Collected material:
*** Block opens ***

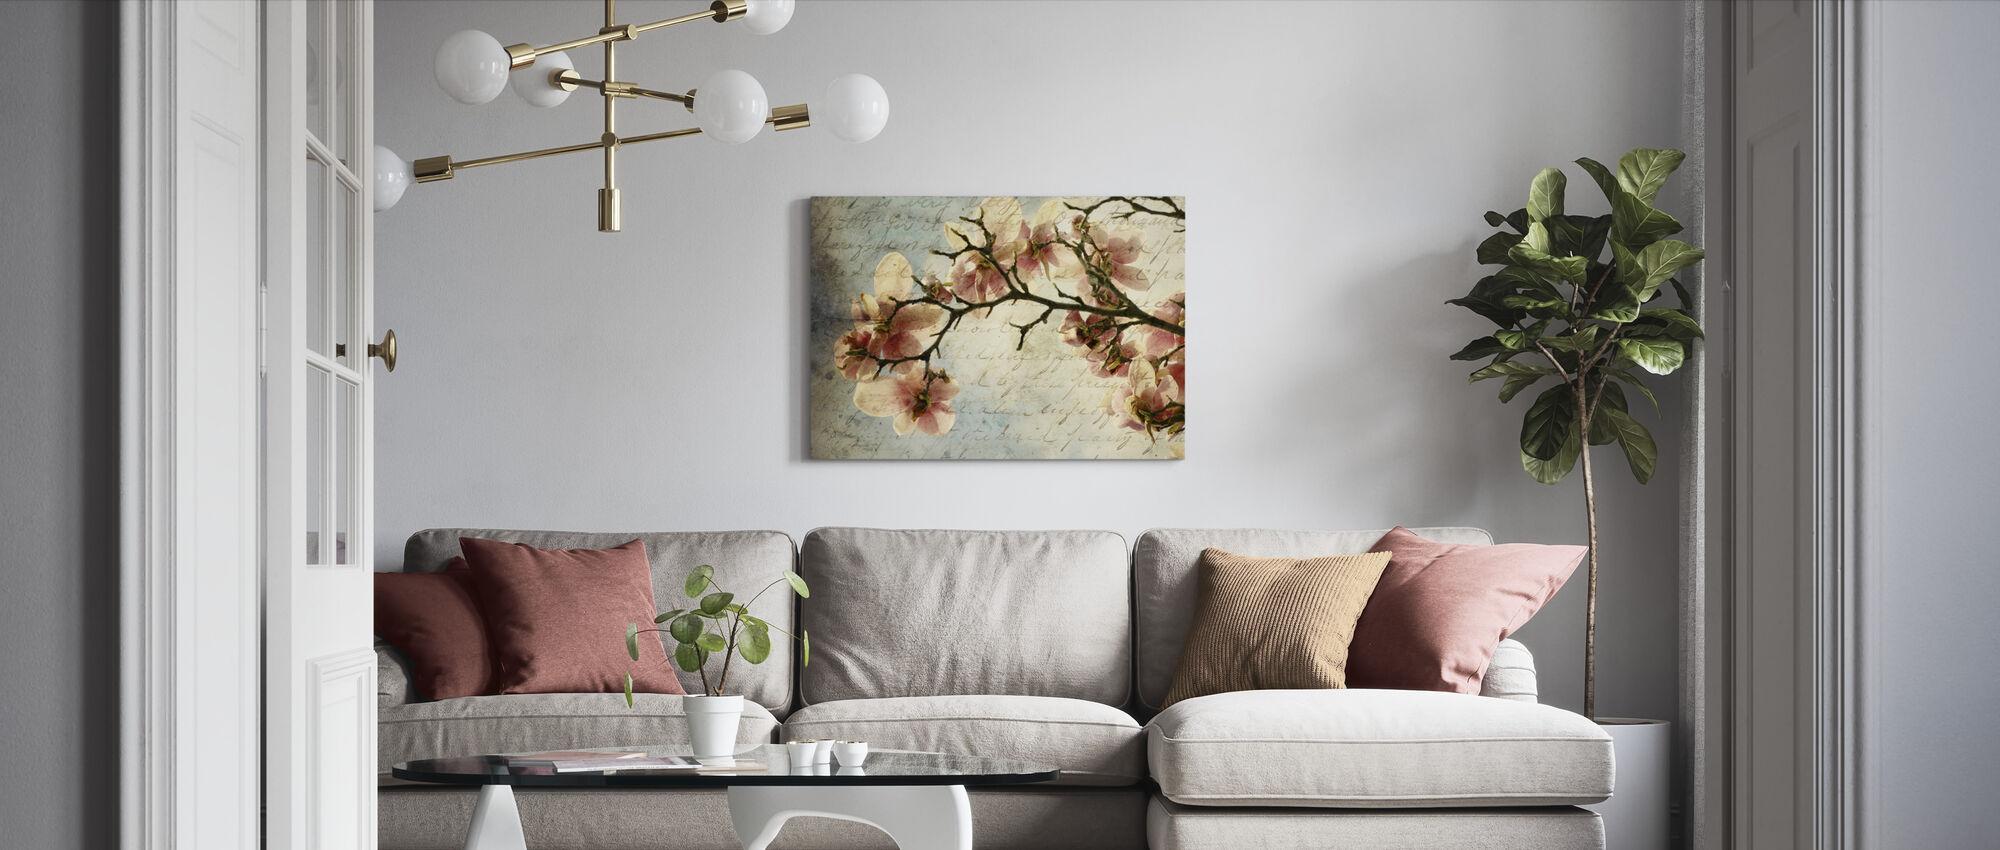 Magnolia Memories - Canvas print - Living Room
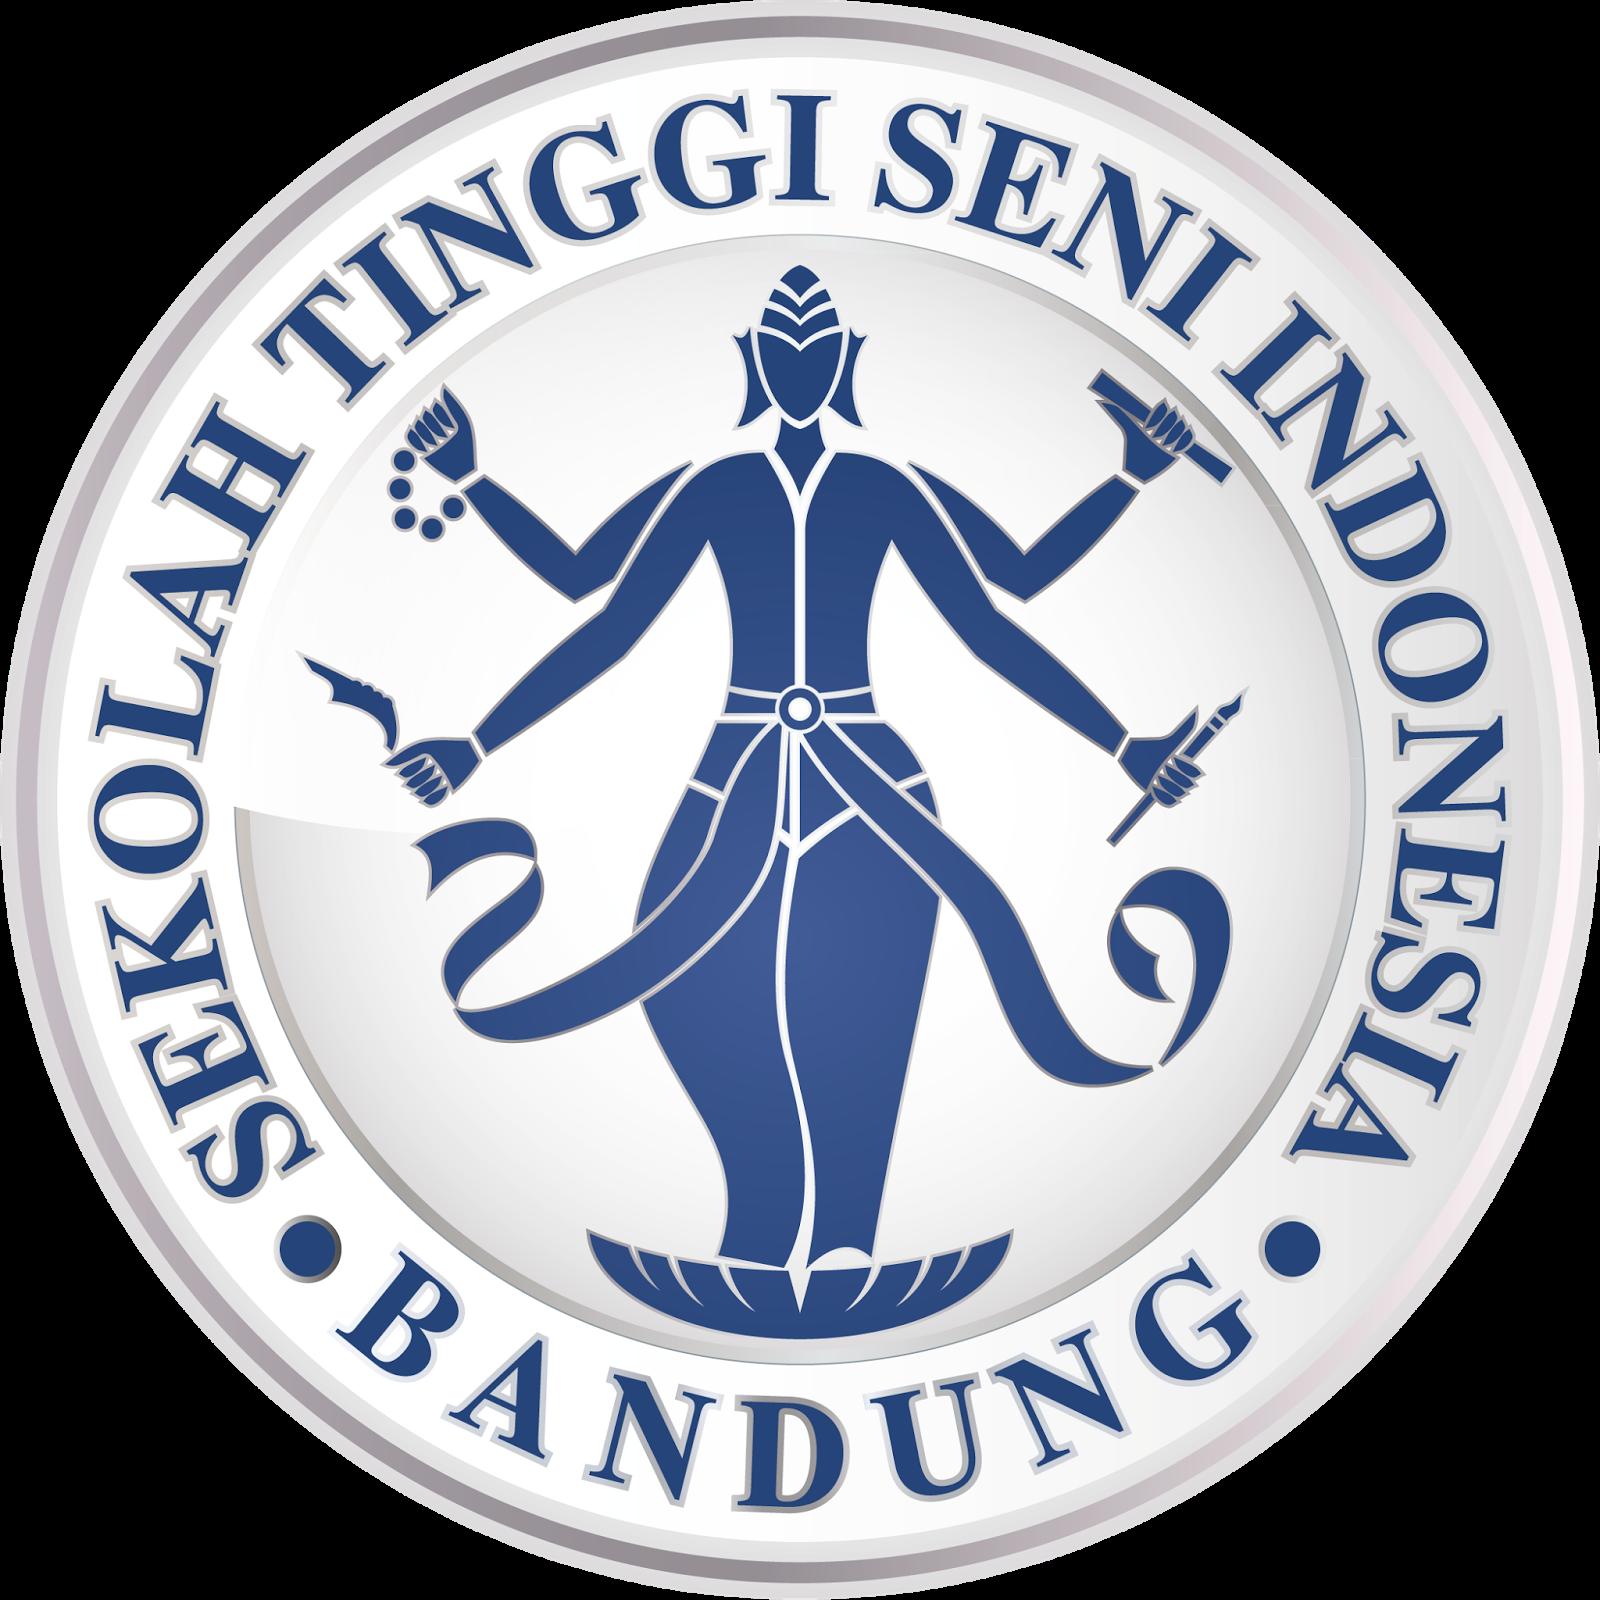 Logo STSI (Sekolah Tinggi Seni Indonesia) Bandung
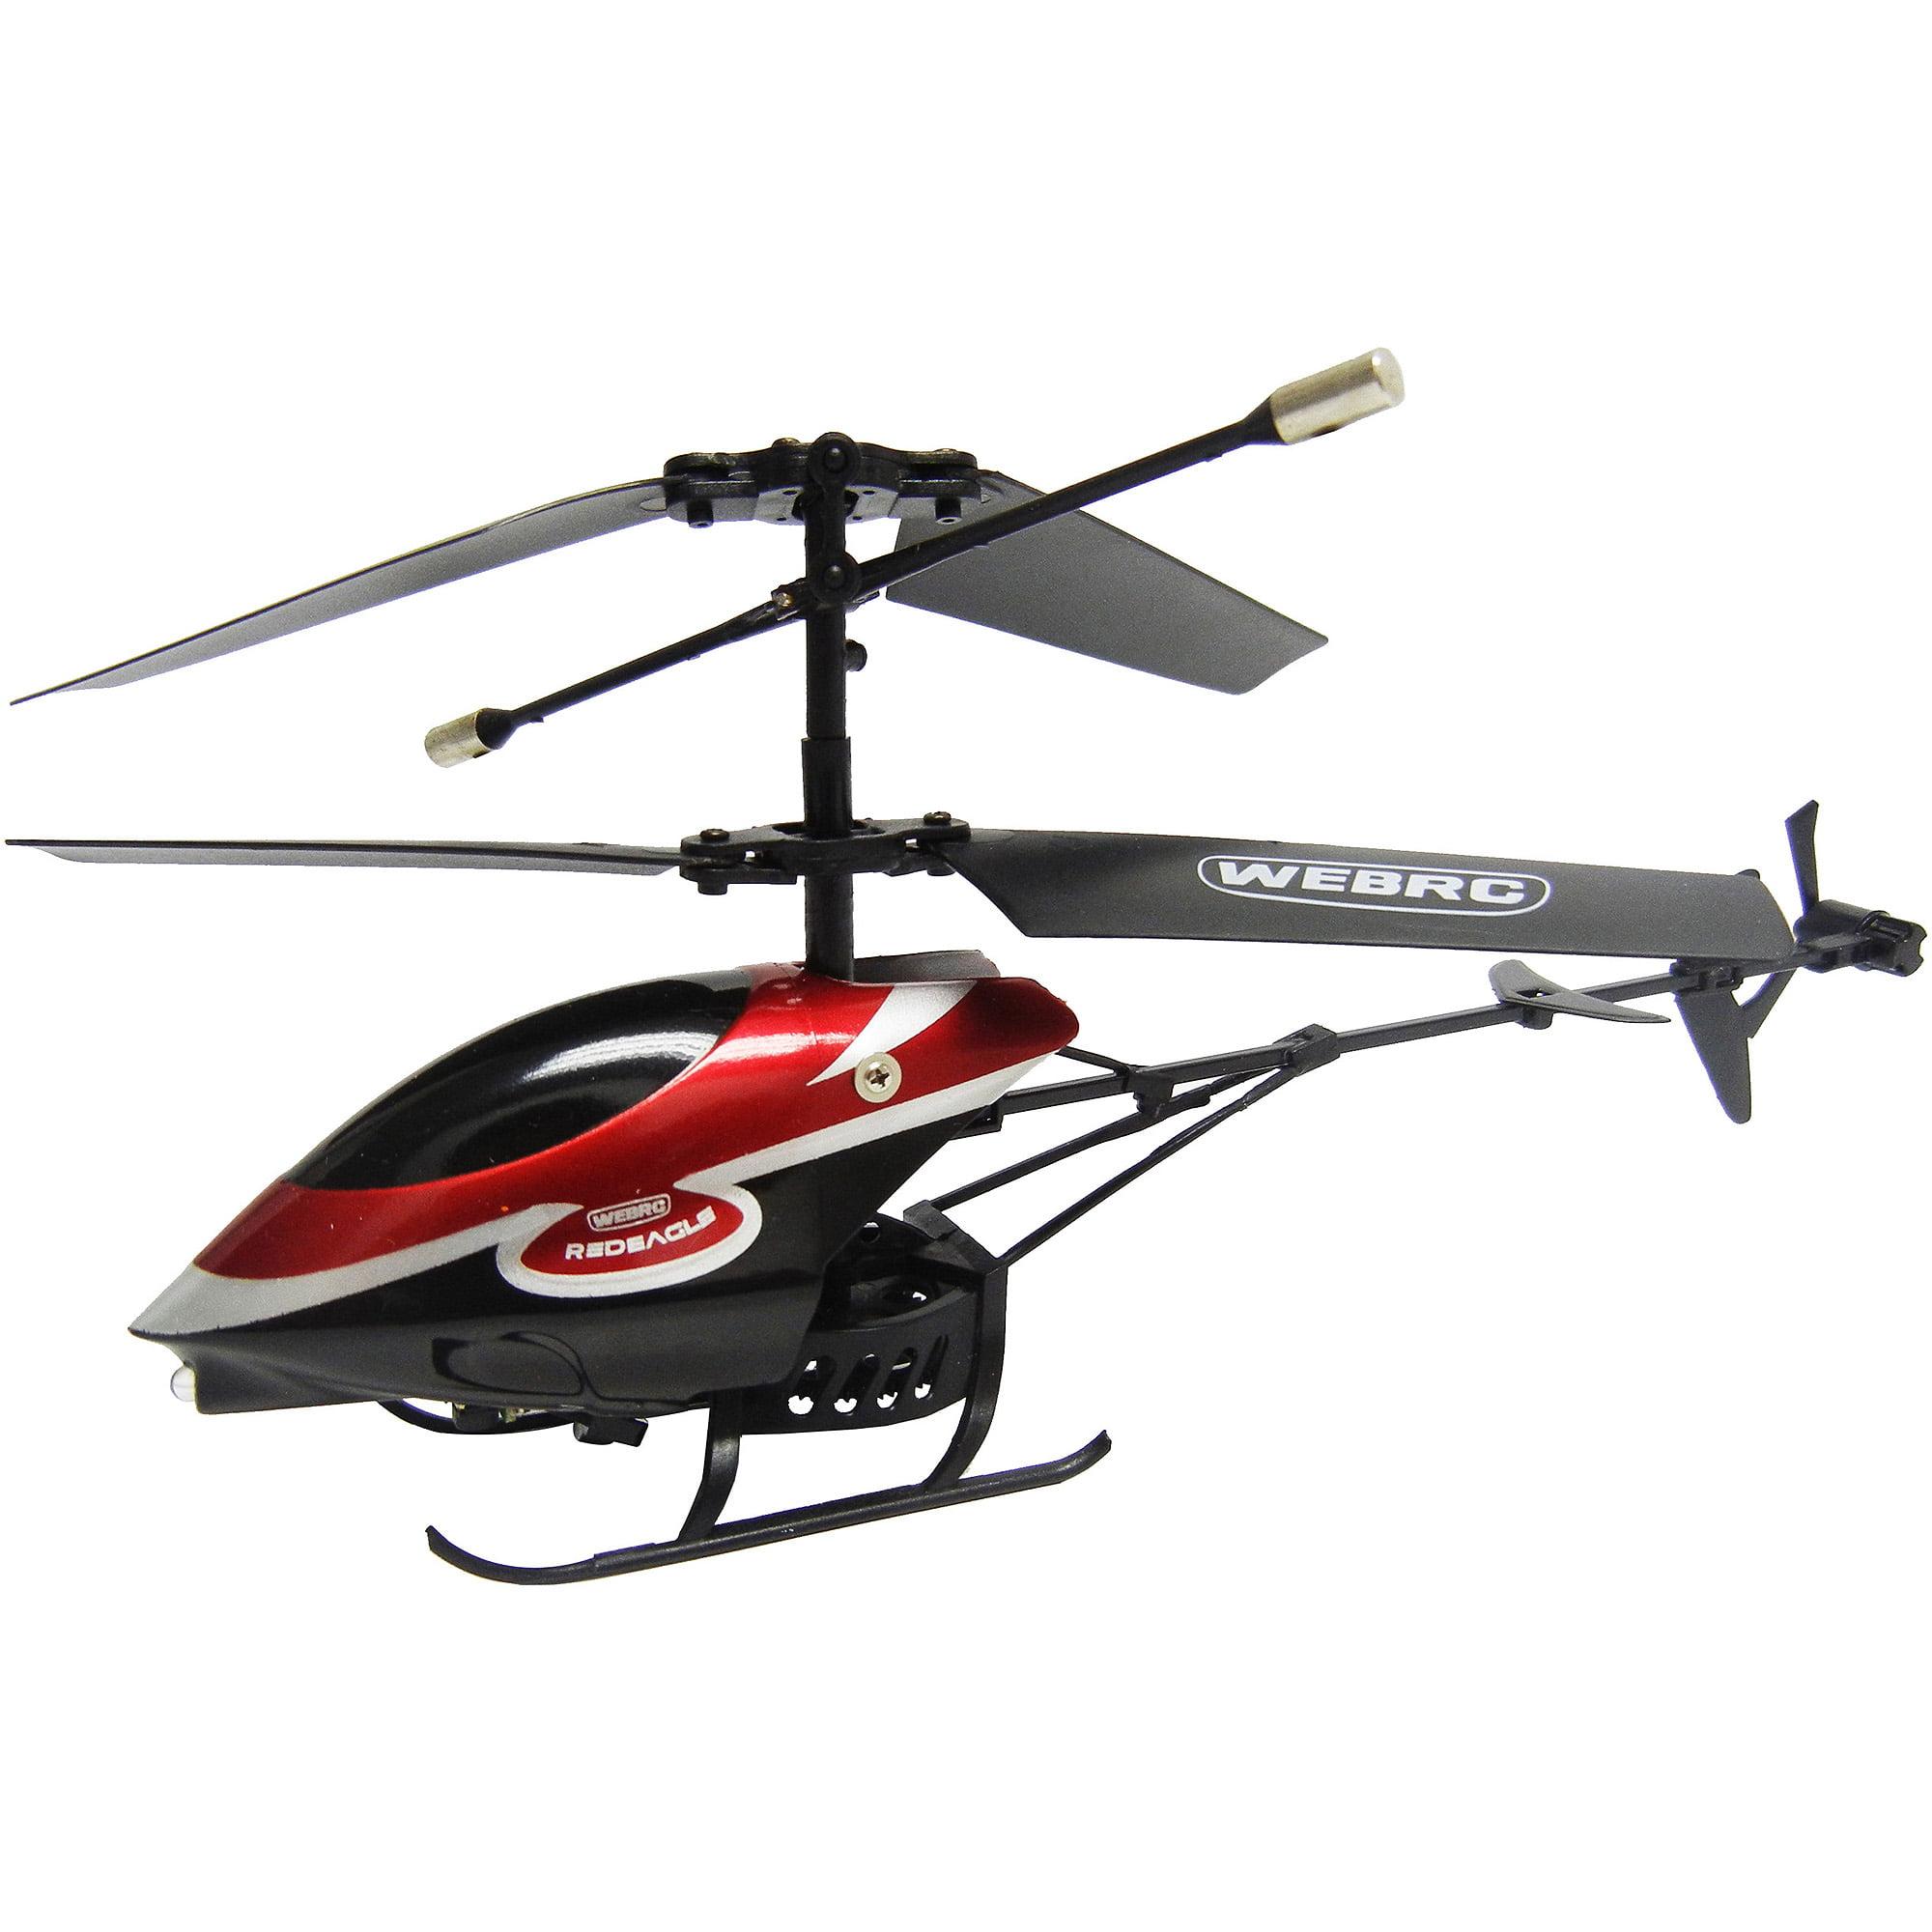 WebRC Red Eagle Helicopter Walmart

*** Block closes ***

Goal of the exercise: Give the data above again, exactly, with every picture removed.

Your solution:
 Magnolia Memories - Canvas print - Living Room
 Logo STSI (Sekolah Tinggi Seni Indonesia) Bandung
 WebRC Red Eagle Helicopter Walmart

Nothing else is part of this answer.